Written By Scott Joseph On August 14, 2013

Roccos Facebook ScreenshotFacebook and OpenTable have partnered to offer mobile Facebookers the means to make dinner reservations directly through the social medium site’s app. 

Say you’re wandering around Winter Park and you find yourself a bit peckish. So you pull out your smartphone, fire up the Facebook app and click on “Nearby Places” and “Restaurants.” Rocco’s Italian Grille shows up, and you realize that it’s Italian you’re hungry for. So you click on Rocco’s page for more information, and there, just below the opening hours is a box that will allow you to make a reservation, right there, without leaving the app. (And by the way, this feature applies only to the smartphone app — it will not work on your desktop or even on your tablet.)

Just as with the opentable.com site, the Facebook link will show only the available options for your selected date and party size. Adjust your party size, select your time and tap the button. You’re all set.

OpenTable, of course, has been a pioneer in the online reservations game. I first wrote about OT in this article that appeared in the Orlando Sentinel on September 8, 2006, when about 50 Central Florida restaurants had been signed up for the service. There are now 231 in the “Orlando” list, though that also includes restaurants flung as far as Vero Beach and Gainesville.
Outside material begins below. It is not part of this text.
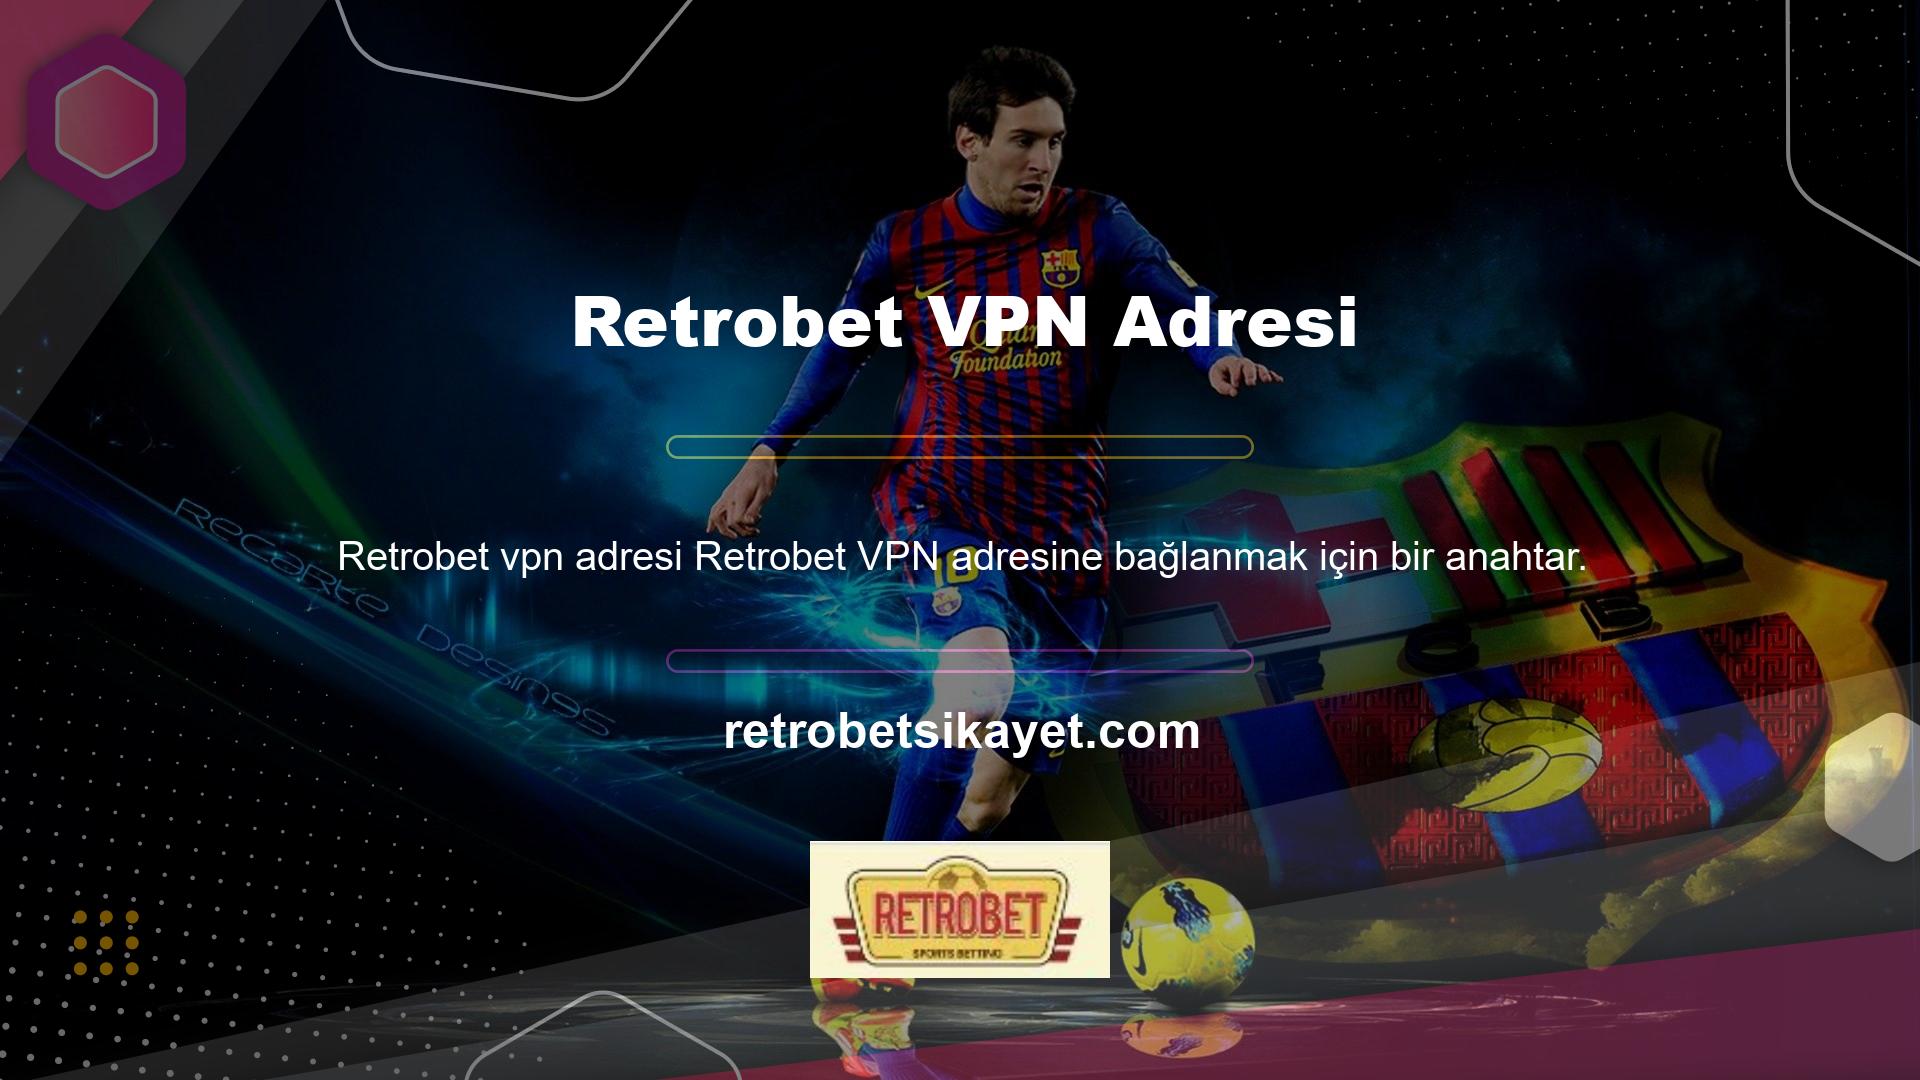 Retrobet VPN adresi kullanıcıların en çok sorduğu sorular arasında yer alıyor

Exponentially speaking, that’s not a tremendous increase for a seven year period.

(By the way, as you read the Sentinel article, notice the reference to the now defunct Dux at the Peabody Orlando and its then manager, one Edward Nickell, now known as Eddie and co-owner of FMI Restaurant Group and Funky Monkeys; also quotes from flog charter members Bill and Adrienne Katz.)

There have been challengers to OpenTable’s dominance, including Rezbook, which until recently was being used by Urbanspoon as its in-site reservation tool. But earlier this month Urbanspoon announced that it would go back to focusing solely on offering “quality restaurant reviews” and that it had sold Rezbook — to OpenTable.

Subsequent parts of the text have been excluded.